He was also a player of Preston North End (1970–1972), Hereford United (1975, on loan), and Birmingham City, when he moved from Coventry City in 1982. During his spell at Birmingham he fractured his forearm in three places during a game against Sunderland, playing for a full 70 minutes injured. The Blues still went on to win the game 2–1. He finished his career with Conference side Nuneaton Borough in the 1985–86 season.

==Coaching career==
Blyth was a goalkeeping coach under Gordon Strachan when he was the manager at Coventry City, but departed when Strachan and assistant Garry Pendrey were dismissed from their posts in 2001. During his time at Coventry he was responsible for the signing of 16-year-old Chris Kirkland, who went on to play first team football for the Sky Blues before smashing the British transfer fee for a goalkeeper (£6 million) when bought by Liverpool in August 2001.
Blyth has worked with several International goalkeepers including, Artur Boruc, David Marshall, Magnus Hedman and Chris Kirkland.

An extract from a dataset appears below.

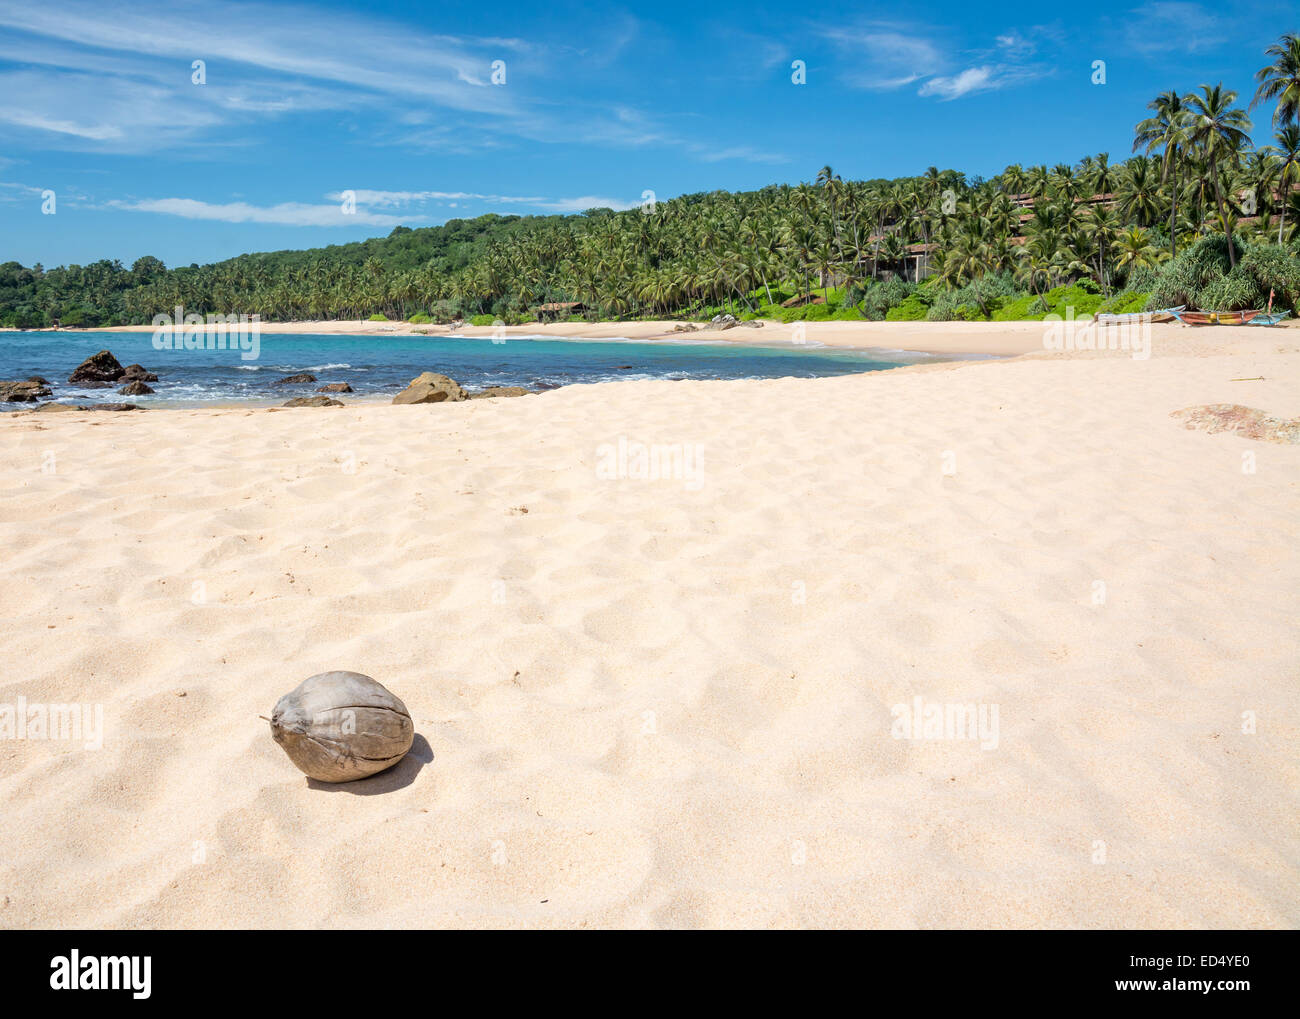 Spiaggia con noce di cocco. Paradise beach con sabbia bianca e noce di cocco. Aman beach, Tangalle, sud della provincia, Sri Lanka, in Asia. Foto Stock
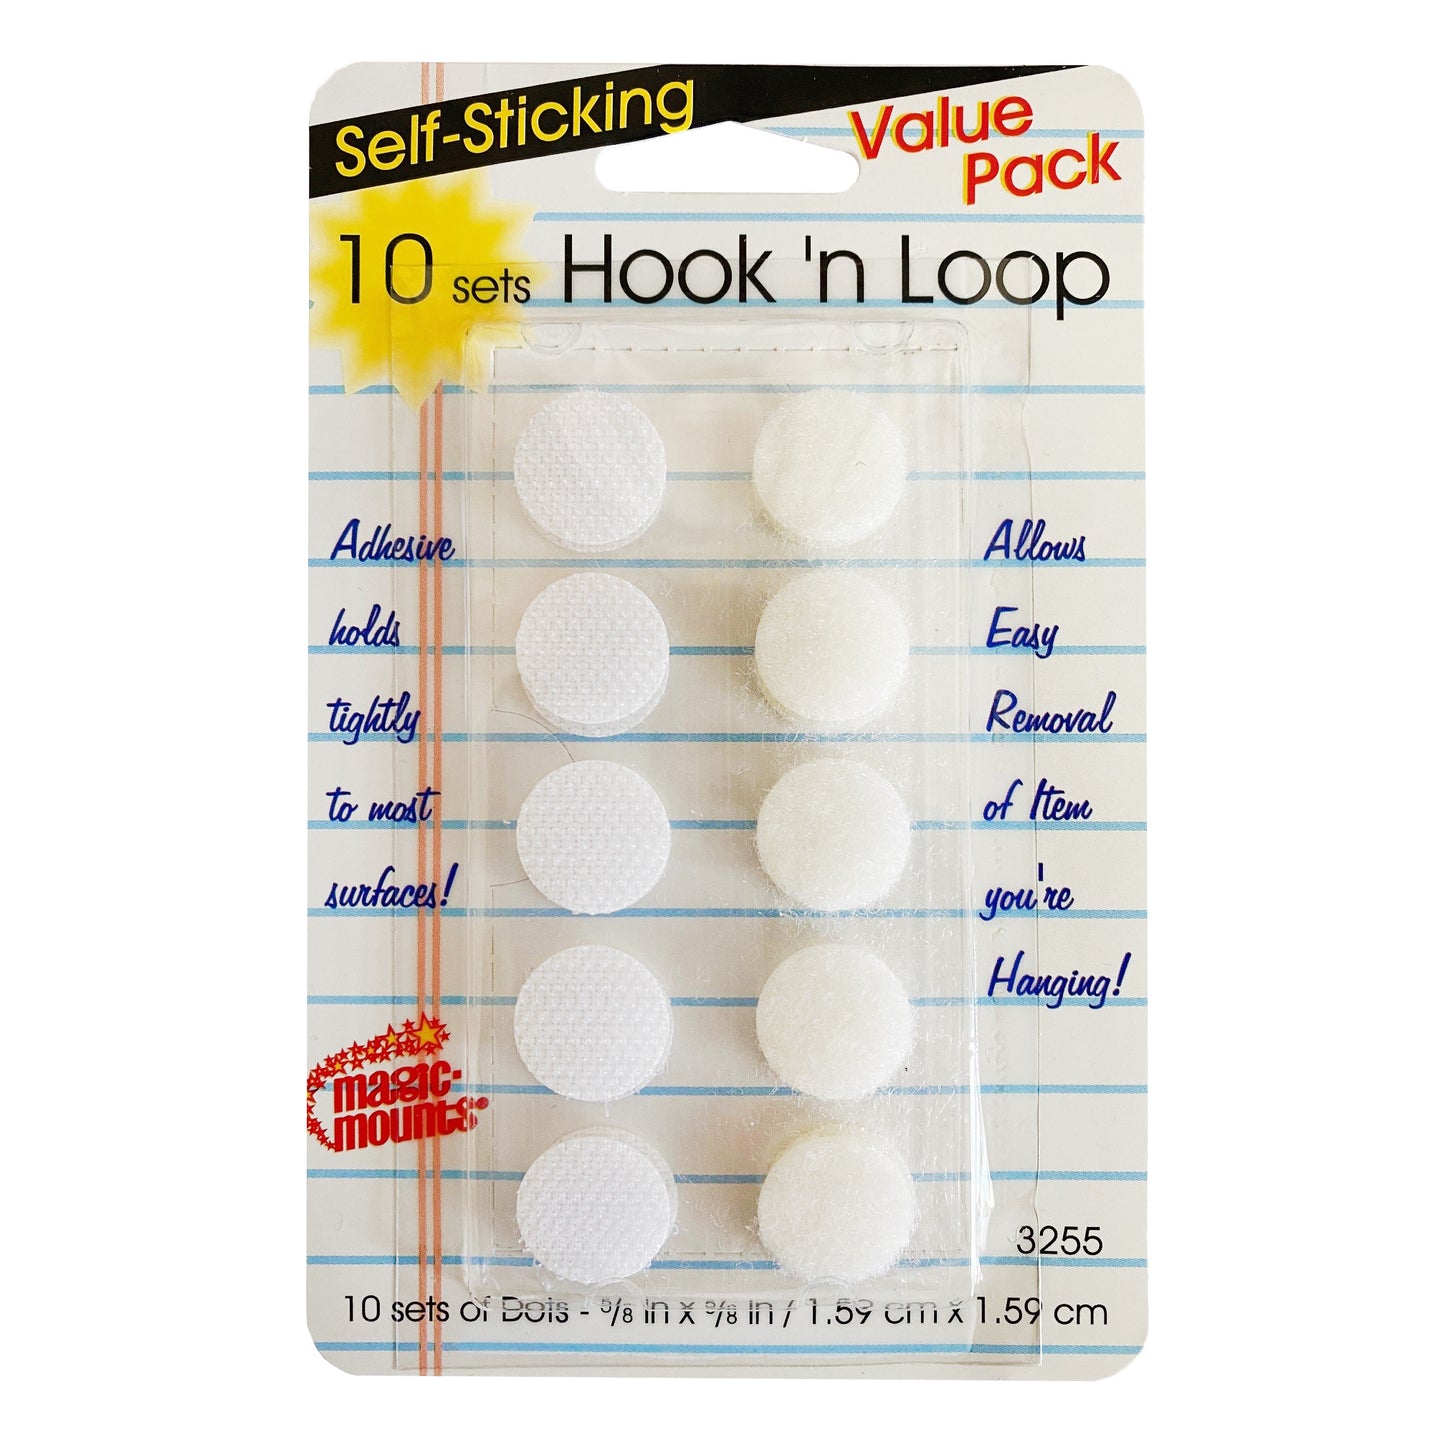 Self-Sticking Hook 'N Loop Dots 5/8", White, 10 Sets Per Pack, 12 Packs

Blyth was the goalkeeping coach at Celtic, joining them in July 2005, appointed by Gordon Strachan. While Blyth was with 'the Bhoys', the club won three SPL titles, the Scottish Cup and Scottish League Cup twice, and qualified for the knockout stage of the UEFA Champions League in two consecutive seasons, 2006–07 and 2007–08. This run included taking AC Milan into extra time in the San Siro before losing to 0–1 to the eventual champions. He and Garry Pendrey left Celtic after the resignation of Gordon Strachan in May 2009. He reunited with them at Middlesbrough in May 2010.

==Sources==
- Brown, Jim (2000). "Coventry: An Illustrated History"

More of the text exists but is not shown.